Europe has doubled down on huge volumes of Russian and Belarusian birch crossing European borders, classifying all products entering the EU as “high risk” under its new EUDR country classification system.
As revealed by Wood Central yesterday, the new system defines the number of compliance checks authorities must make for all cattle, cocoa, coffee, oil palm, rubber, soya, and wood that enters the EU—with 1% of all imports checked from “low risk” countries, 3% from “standard risk” countries, and 9% from “high risk” countries like Russia, Belarus, North Korea, and Myanmar.
“The European Commission has published an updated list of countries classified according to risk level in accordance with the EUDR,” according to Viktor Smal, head of the State Forestry Agency of Ukraine. “Ukraine, like leading European timber producers, has been given low-risk status.”

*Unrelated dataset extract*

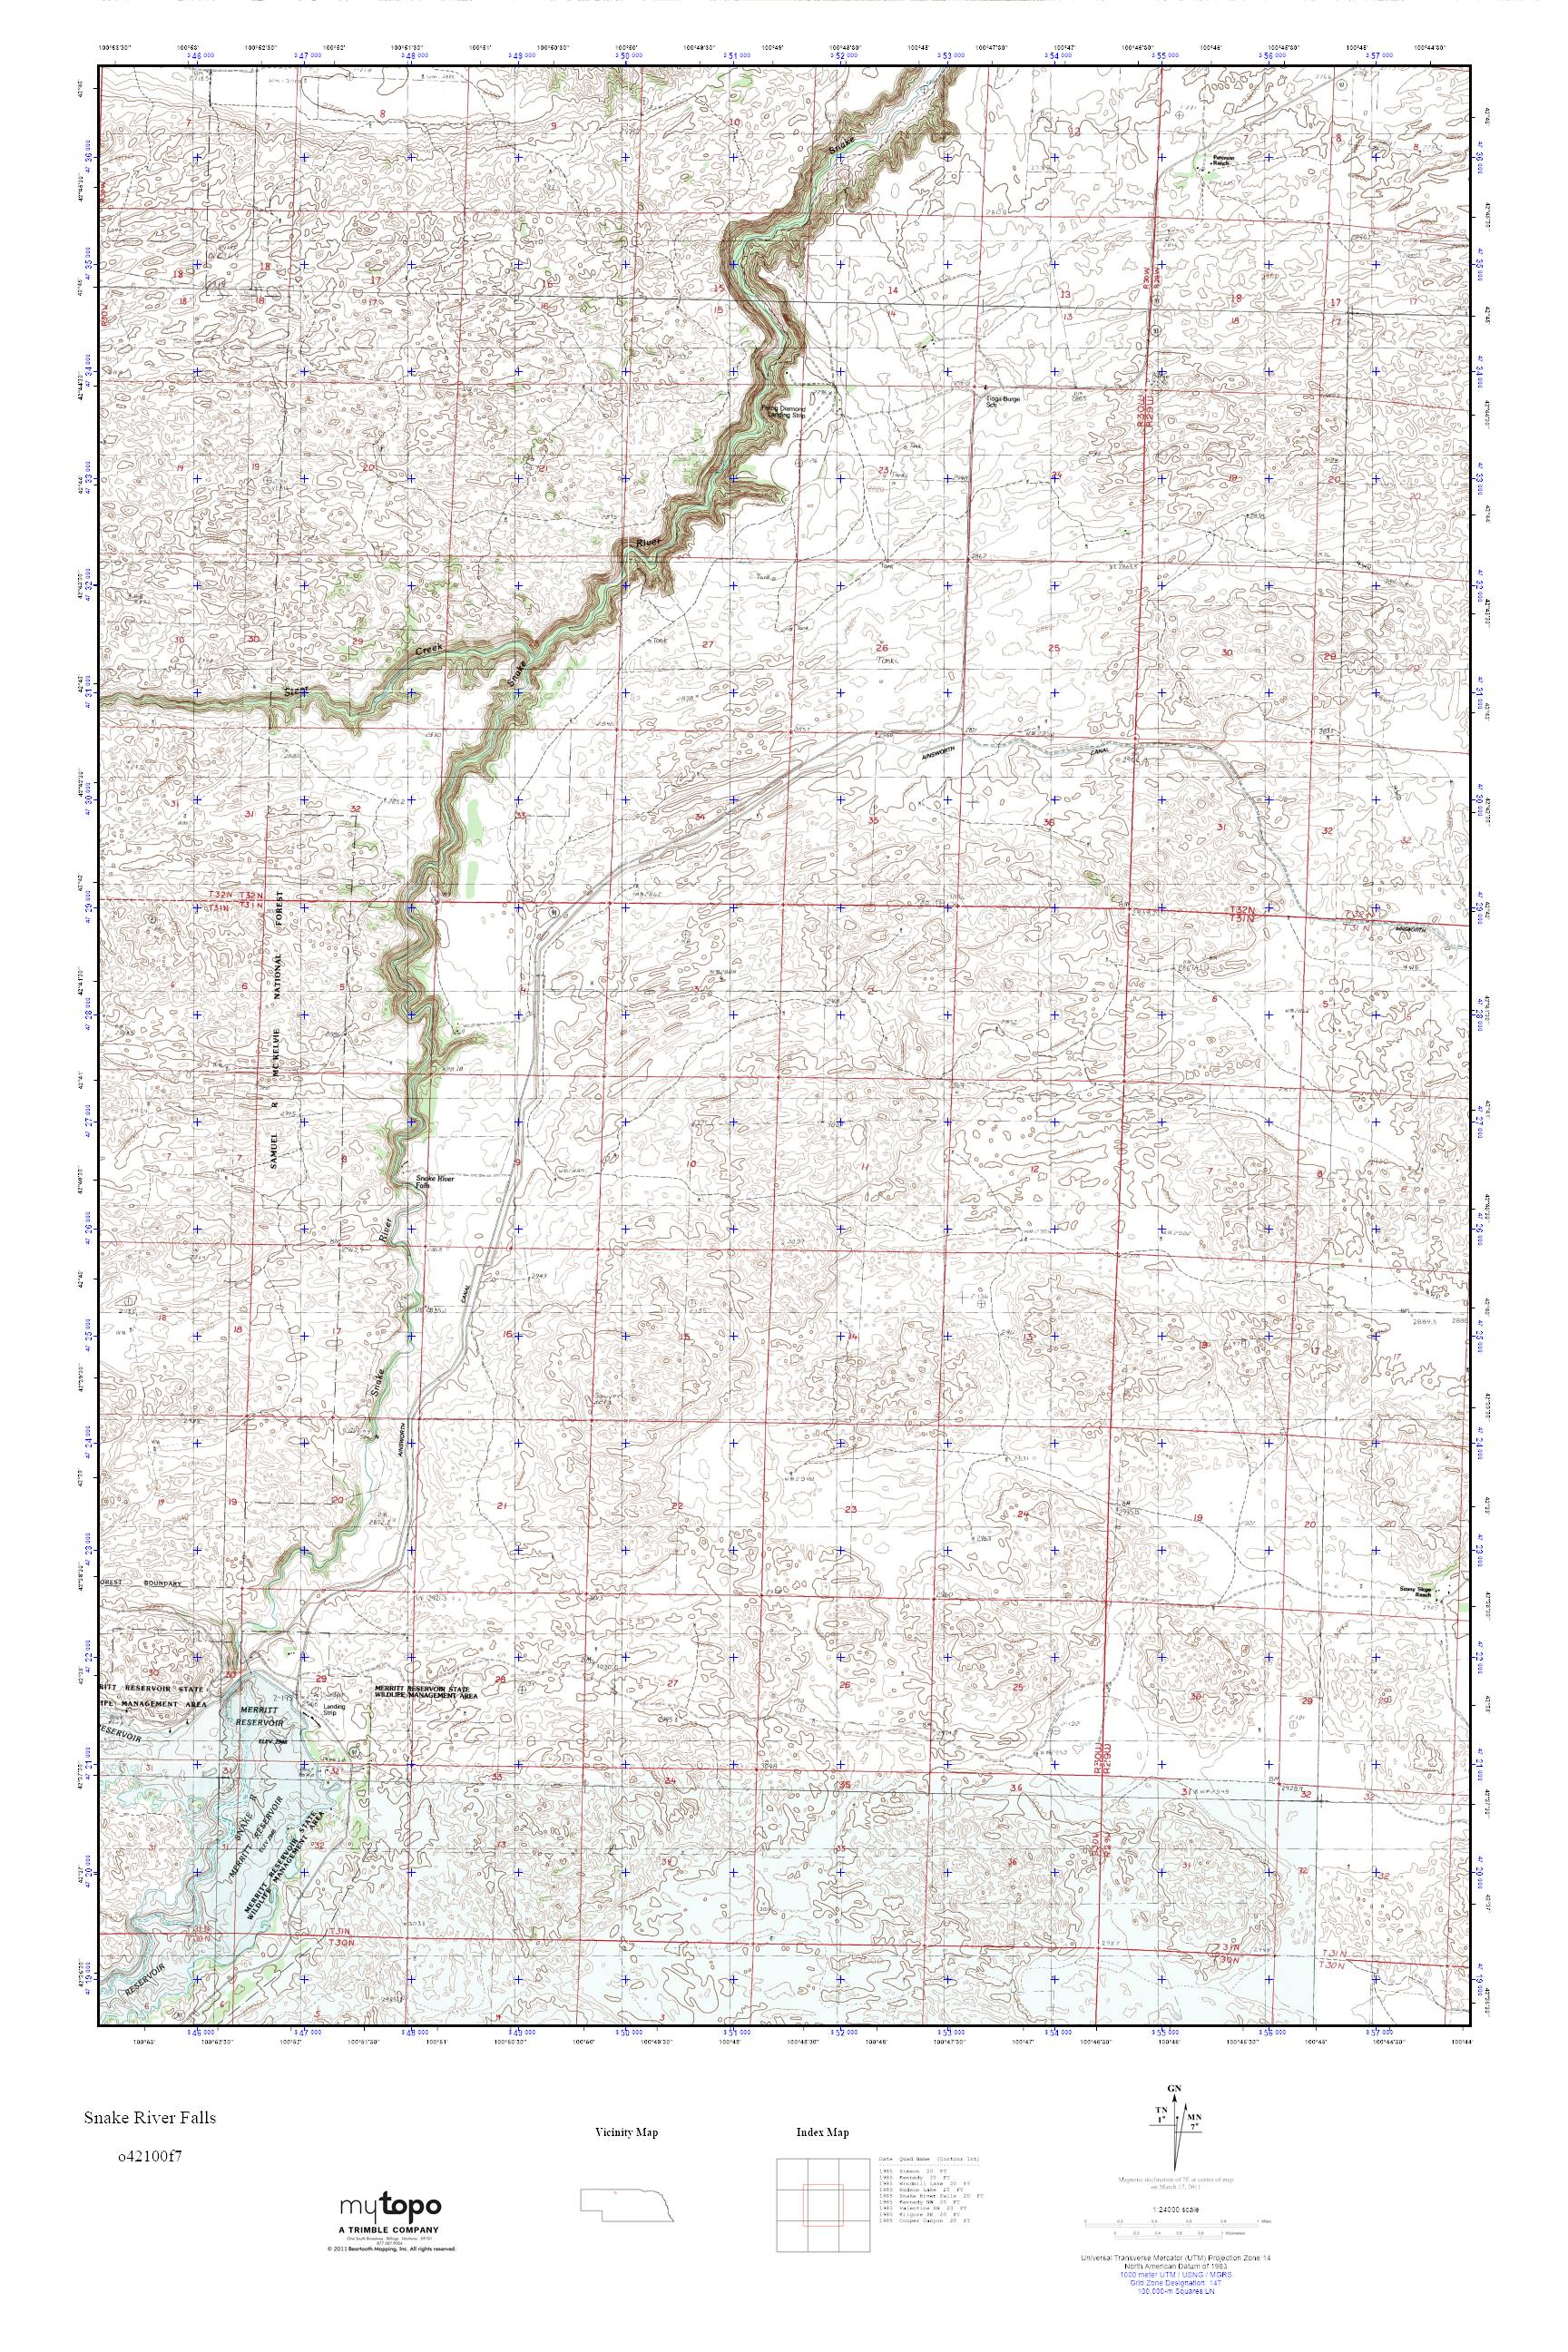 Snake River On Us Map - Us-map-snake-river

As a low-risk country, Smal said Ukraine now has new opportunities to drive furniture imports into European markets with Zelenskyy authorities now working with the EU to ensure that “gray import schemes for Russian timber” are not excluded in the list of high-risk suppliers.
“This (low-risk classification) is the result of our systematic reforms and digital transformation in the forestry sector, in particular the introduction of such tools as e-logging tickets, e-certificates of origin, and e-TTN with photo documentation,” Smal said, with timber furniture exports an increasingly important lifeline for Ukrainian businesses ravaged more than three and a half years since the start of the Russian and Ukrainian war.
The new classification comes after Wood Central revealed that more than €1.5 billion worth of Russian timber has been smuggled into the European Union since June 2022, with all 27 states implicated in a ‘blood trade’ that has led to 500,000 cubic metres entering Europe and making a mockery of war sanctions. That is, according to a new report published by UK-based ENGO Earthsight, revealing that more than 20 lorry loads of birch ply—or about 700 cubic metres—are flooding ports via friendly third-party actors (including China, Turkey, Kazakhstan, and Georgia—all low-risk countries under the new classification system).
At the same time, a report produced by World Forest ID experts found that nearly half of all sampled birch products—used in furniture, kitchen panels, and musical instruments—certified by FSC or PEFC have been misidentified and do not come from the correct country of origin, raising fears that huge shipments of Russian and Belarusian wood are still being smuggled into the global markets, including the United Kingdom.